Arrow is the lingua franca - the same layout on disk, on the wire, and in your dataframe.

Zero-copy over gRPC

Arrow Flight streams record batches in parallel without ODBC / JDBC serialization.

Arrow-native SDK

vastdb reads return a streaming RecordBatchReader - pushdown done before bytes move.

The Python SDK in practice

The vastdb package (“vast-py”) installs with pip install vastdb. You connect with an endpoint plus access / secret keys, then run operations inside a session.transaction() block. The hierarchy is bucket → schema → table (PyArrow schemas): table.insert(pyarrow_table) writes rows, and table.select(...) returns a streaming reader with predicate and projection pushdown expressed via Ibis (e.g. (_.c2 > 2) & _.c3.isnull()).

pip install vastdb  ·  quickstart.py
import pyarrow as pa
import vastdb
from ibis import _

# 1. Connect: endpoint + access / secret keys
session = vastdb.connect(
    endpoint="http://vip-pool.vast.example.com",
    access="ACCESS_KEY",
    secret="SECRET_KEY",
)

# 2. Everything runs inside an ACID transaction
with session.transaction() as tx:
    # bucket -> schema -> table
    schema = tx.bucket("ml").schema("features")
    table = schema.table("user_events")

    # 3. Insert a PyArrow table (row ingest -> SCM buffer)
    batch = pa.table({
        "user_id": [101, 102, 103],
        "c2": [5, 1, 9],          # int column
        "c3": ["a", None, "c"],   # nullable string
    })
    table.insert(batch)

    # 4. Streaming read with predicate + projection pushdown (Ibis)
    reader = table.select(
        columns=["user_id", "c2"],
        predicate=(_.c2 > 2) & _.c3.isnull(),
    )

    # 5. reader is a pyarrow.RecordBatchReader -> pandas
    df = reader.read_all().to_pandas()
    print(df)

Arrow-native end to end: reads stream as a pyarrow.RecordBatchReader, so predicate and projection filtering happen in storage before any bytes cross the wire.

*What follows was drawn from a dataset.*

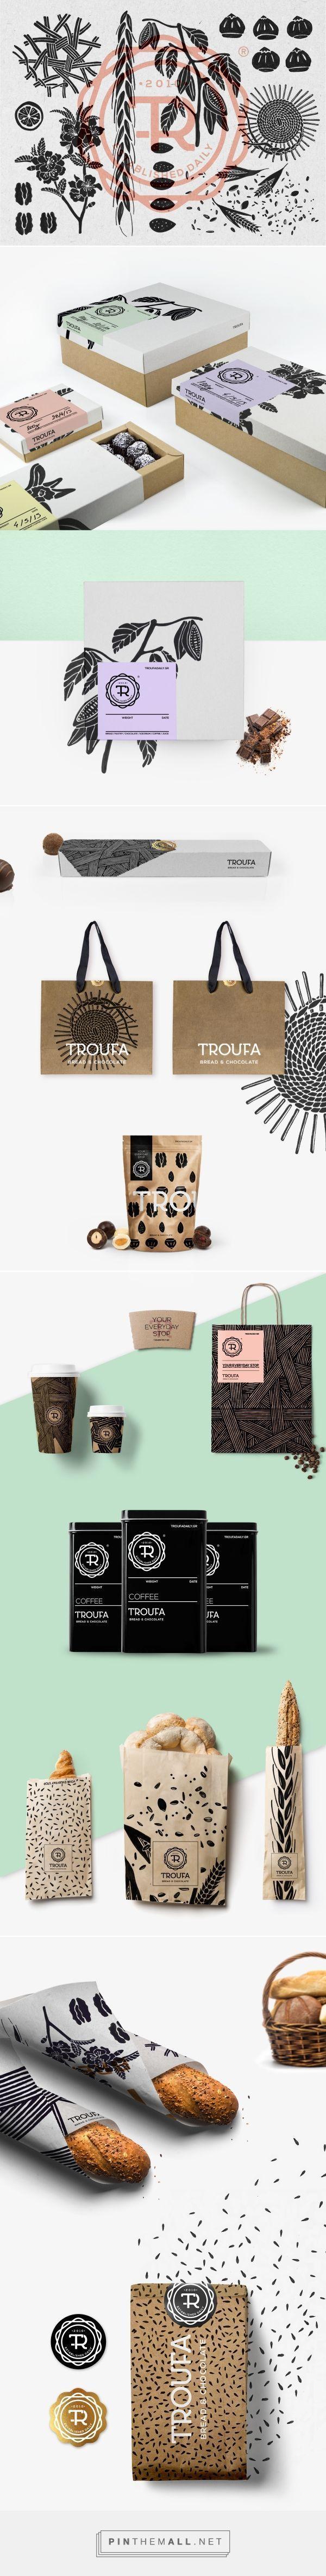 Troufa Branding on Behance | Fivestar Branding – Design and Branding Agency & Inspiration Gallery::
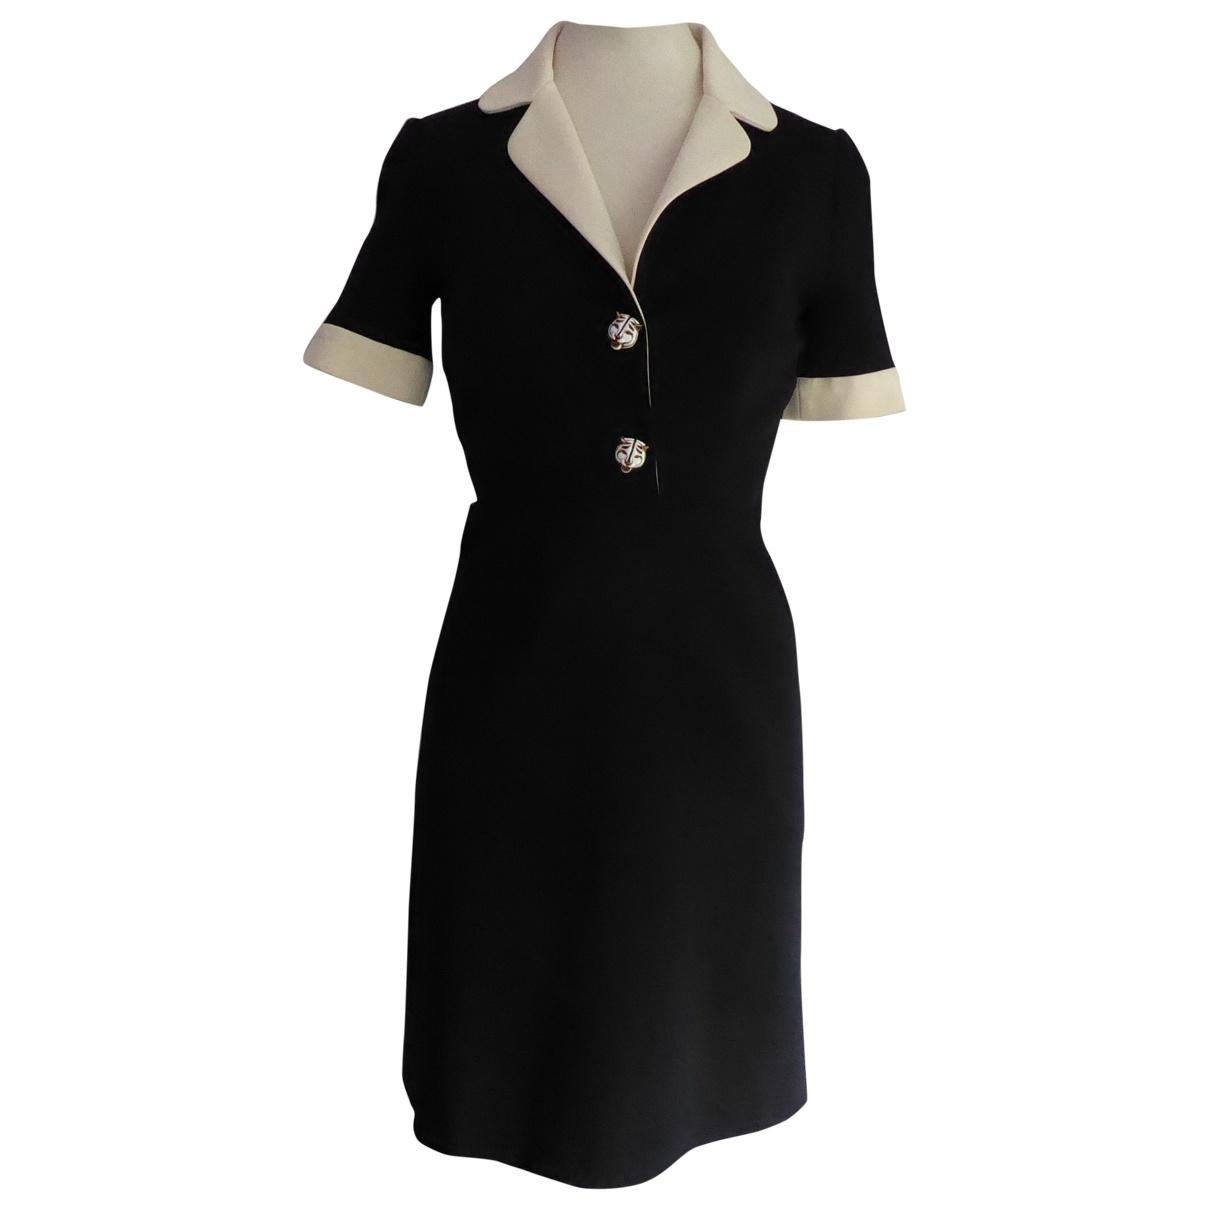 Gucci \N Black dress for Women S International

Beyond the basics: semi-sorted projections for fast secondary lookups, S3 Parquet import without a client-side copy, the VAST Catalog (query the filesystem itself as a table), and snapshots for point-in-time reads.

Serving features & metadata to AI pipelines

Because the table format holds fresh, mutable data and large-scale analytics together, AI pipelines read current, consistent data with no ETL hops. Features and metadata are served in real time from the source of truth: an agent can update a record and immediately query it, training jobs read the same tables that production writes, and the Event Broker exposes streams as queryable tables - closing the loop between operational and analytical data.

Real-time feature serving

Low-latency point lookups against live tables - no separate feature store to keep in sync.

Fresh metadata for agents

Agents read and mutate the same tables, so context is never stale.

Streams as tables

The Event Broker surfaces event streams as queryable tables for online + offline use.

Train where you serve

Training reads the same namespace production writes - one copy, one governance model.